The club made some slight adjustments with a trio of its top prospects on Tuesday, prior to the Major League team opening a three-game series in Cincinnati.

Hagen Smith -- the No. 3 White Sox prospect and No. 30 overall, per MLB Pipeline -- will have his next start skipped with Double-A Birmingham. Smith's velocity was fluctuating in his last start on Saturday at Columbus, showing some signs of fatigue.

There was a long rain delay, leading to a first pitch of 9:02 p.m. ET, and Smith, 21, was limited to two hitless innings over just 41 pitches with four strikeouts and two walks. The start was shortened as a precautionary measure, and the skipped start is to help navigate his first full season, where he has a 2.10 ERA in 25 2/3 innings over seven starts to go with 42 strikeouts against 20 walks and 11 hits allowed.

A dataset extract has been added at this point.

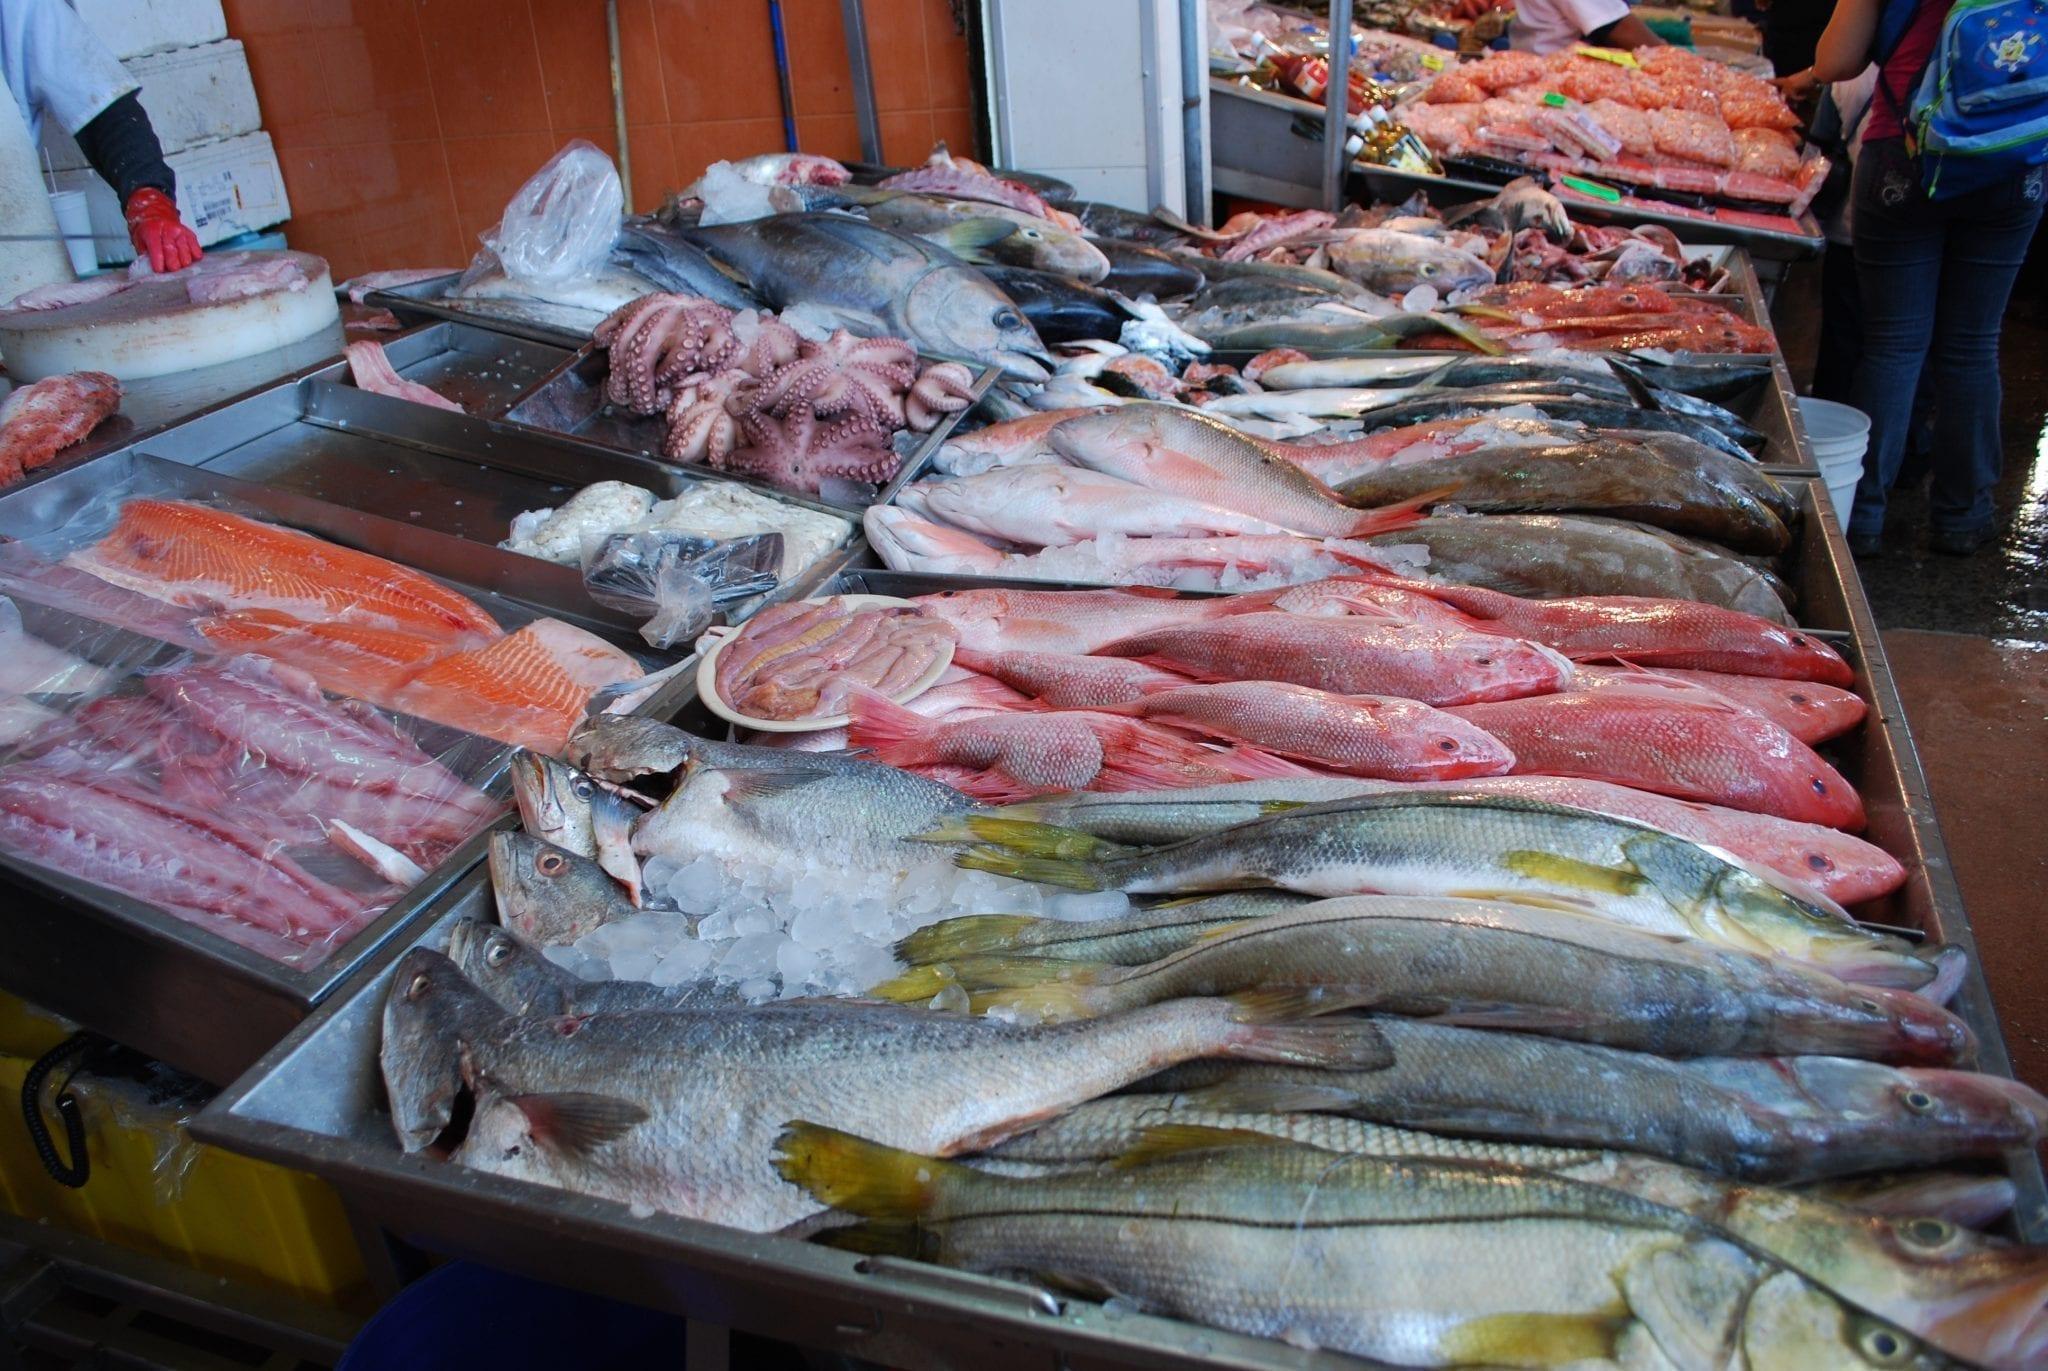 Fish for sale at La Nueva Viga Market in Mexico City; By AlejandroLinaresGarcia (Own work), CC BY-SA 4.0, via Wikimedia Commons, no changes.

“It's about feel, right? I think in some ways, we went through it last year with [Garrett] Crochet in the big leagues, and trying to navigate not having a ton of workload,” Barfield said. “Hagen is in his first full year. ... He only threw [91 2/3 innings combined between college and the Minors] last year, so we want to make sure we're managing that workload. And it won't be just him. We have a lot of young arms. We got a lot of young talent in the Minor Leagues. We'll make sure that we build in some rest for them.”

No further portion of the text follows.